MS is characterized by episodes (“attacks” or “relapses”) of neurologic dysfunction. The symptoms caused by these attacks vary significantly between patients and depend on the site of neurologic involvement. Commonly, patients may complain of numbness, tingling, weakness, vision loss, gait impairment, incoordination, imbalance, and bladder dysfunction. Between these attacks, in the relapsing-remitting (RR) phase of the illness, patients are neurologically stable.^[3]

Many patients who begin with RRMS progress to the secondary progressive phase of the illness, in which they have marked worsening of function and increasing of neurologic disability not related to any acute attacks that may or may not occur. About 66% of RRMS patients developed SPMS at an average time of 15 years,^[4] while in a British Columbia cohort study, 58% of patients with relapsing MS advanced to SPMS after an average time of 19.1 years.^[5]

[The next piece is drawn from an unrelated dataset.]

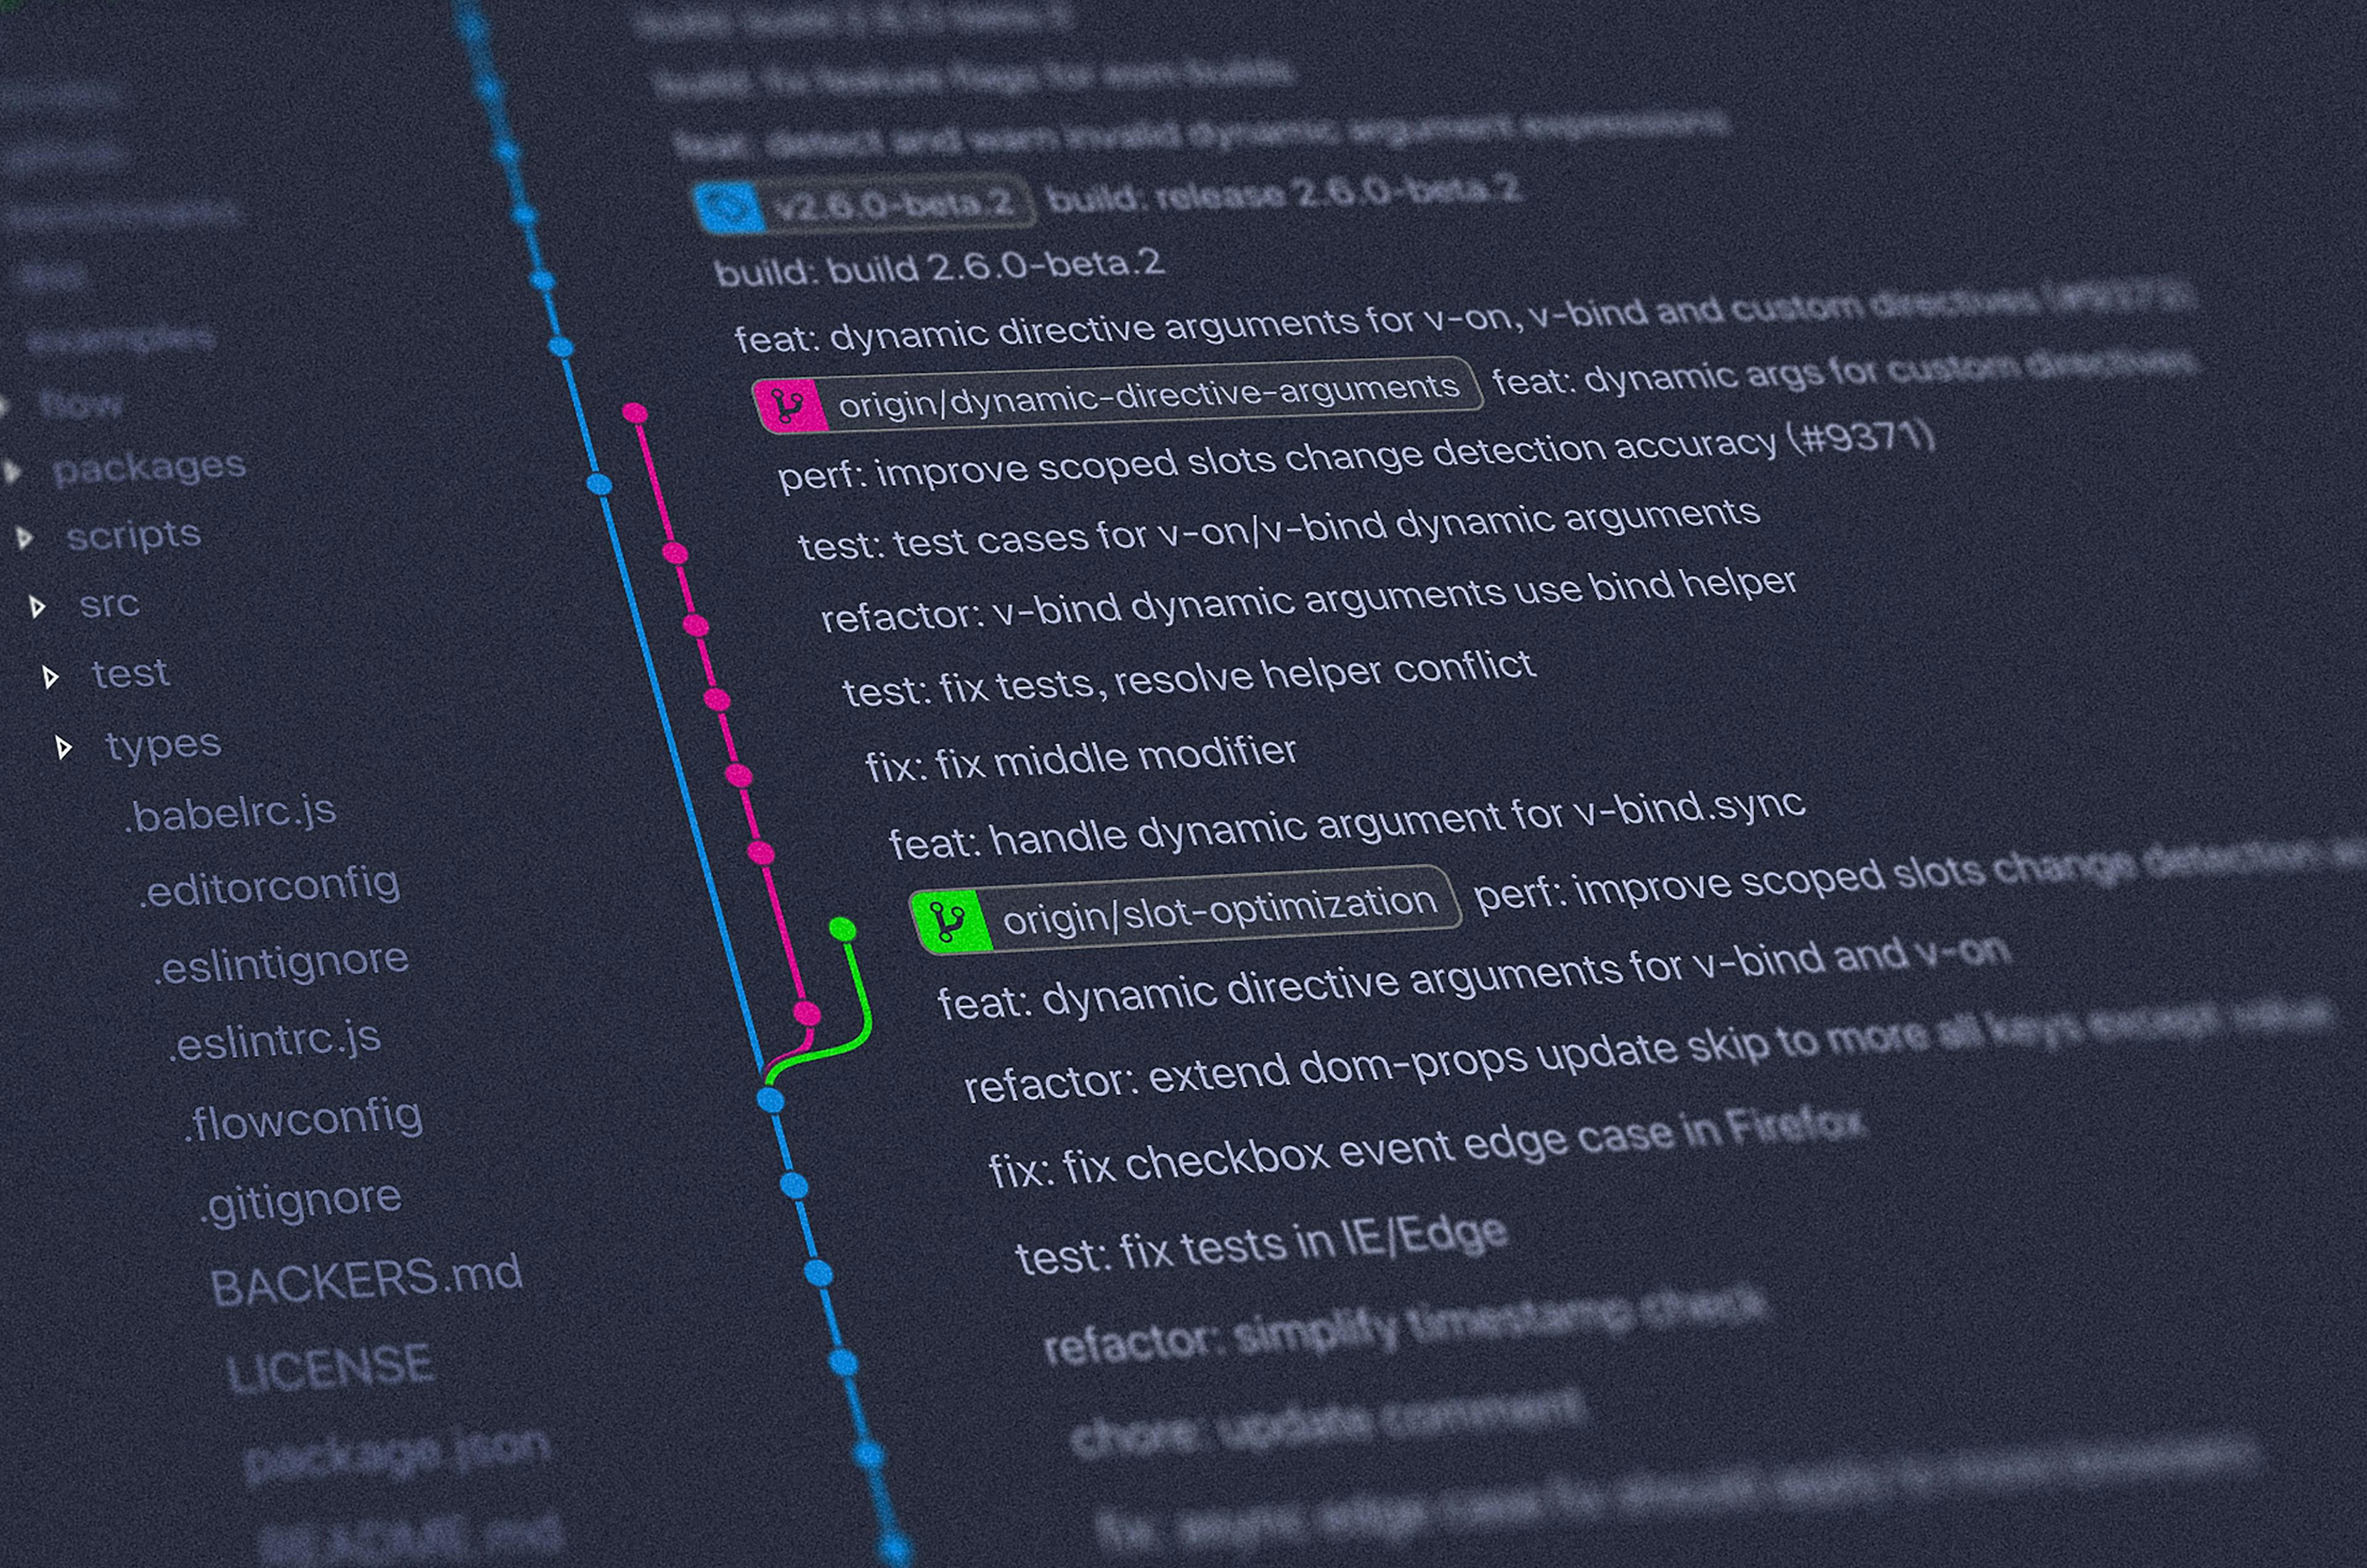 featured image - 8 underrated Git commands every programmer should know (not the usual pull, push, add, commit)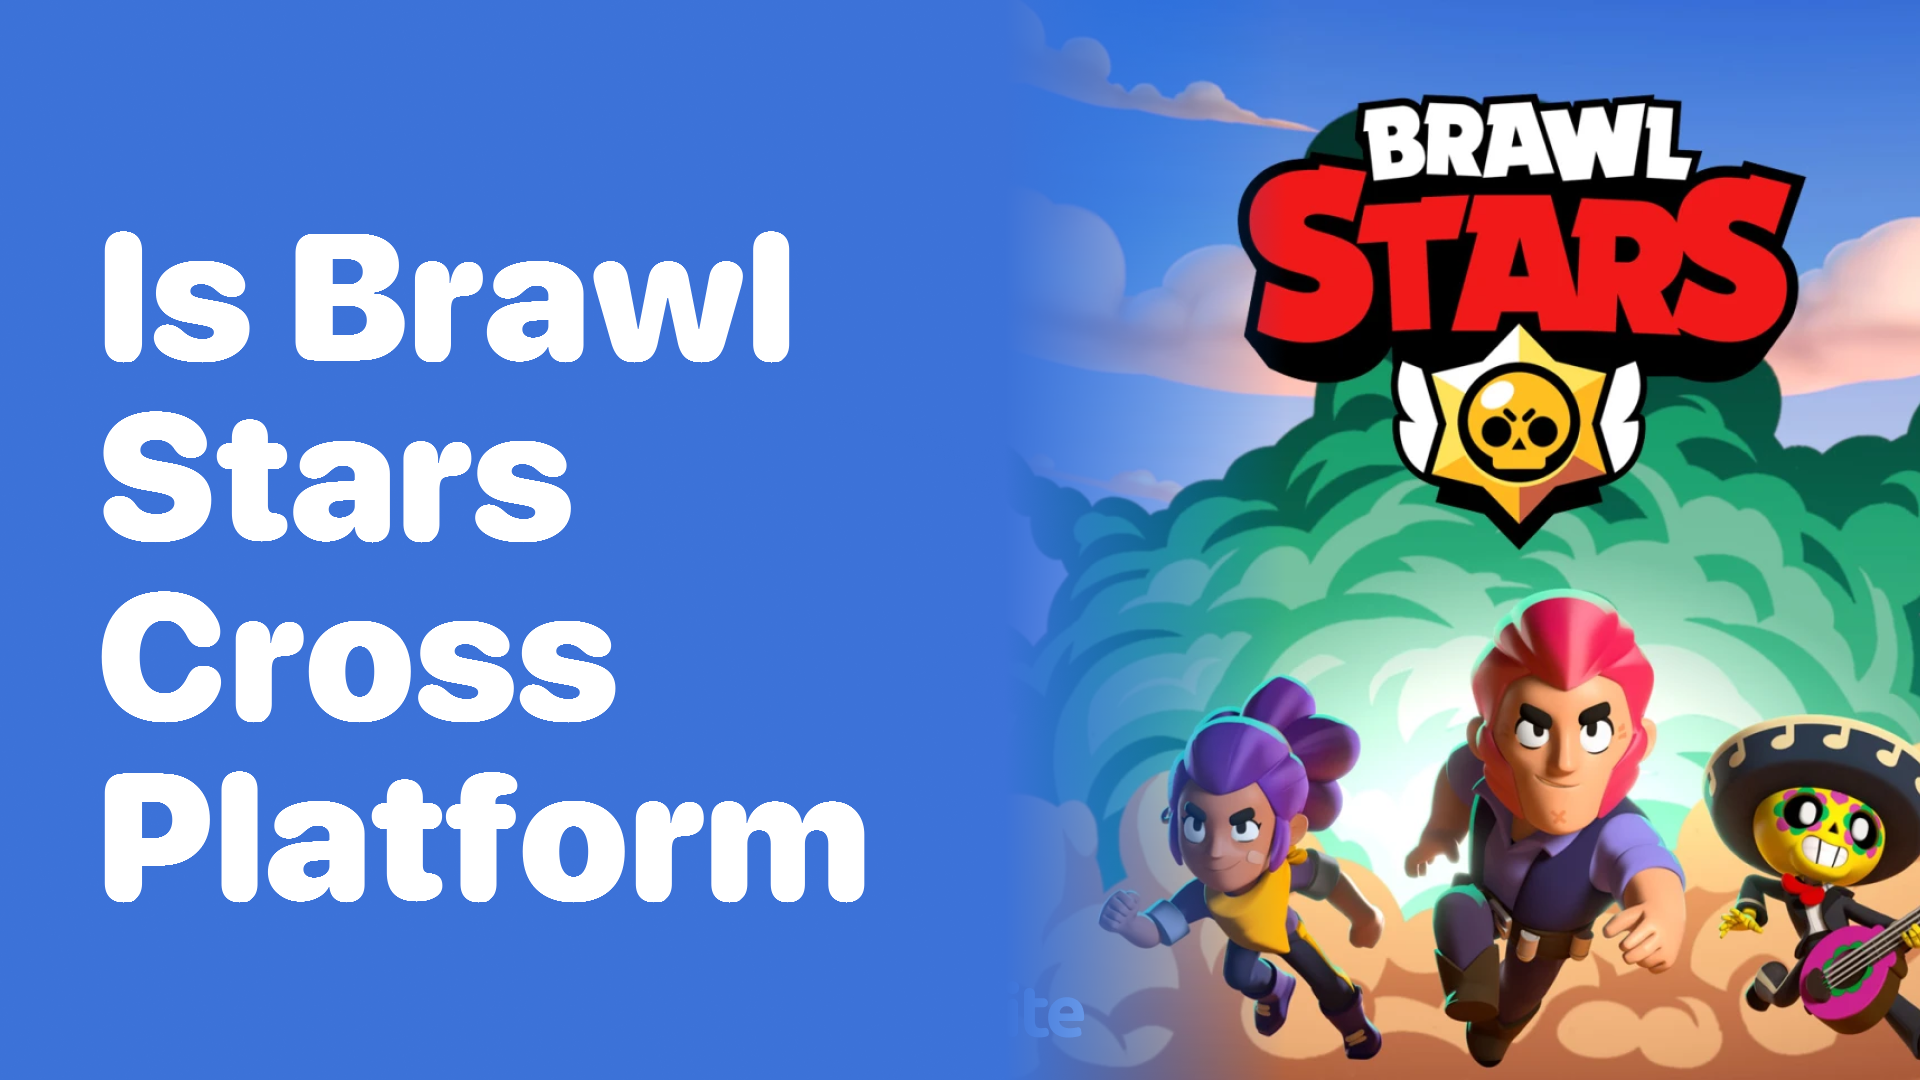 Supercell - Come join the Brawl Stars team for a ride of a

About 10%–20% of the patients experience a clinical course of primary progressive (PP) MS, in which they started by insidious deterioration and never have acute relapses. About 5% of the PPMS patients can experience clinical episodes and now this type is known as progressive relapsing MS.^[3]

Central auditory processing could be affected in MS patients. Difficulty in speech perception in background noise was reported by many researches.^[6] Temporal resolution, dichotic listening, and performance with competing acoustic signals were evaluated in these patients through gaps in noise (GIN) test, dichotic digits test (DDT) (both versions), and speech in noise for adults (respectively).

A gap in noise test is a simple sensitive test for temporal resolution ability. It has a sensitivity of 67%, a specificity of 94%, and a high test–retest reliability, which is important for the clinical use of the test.^[6] Temporal resolution ability is the ability to follow rapid changes in a sound over time which is very important in speech perception. It is one of central auditory abilities through which the central pathway till auditory cortex could be assessed.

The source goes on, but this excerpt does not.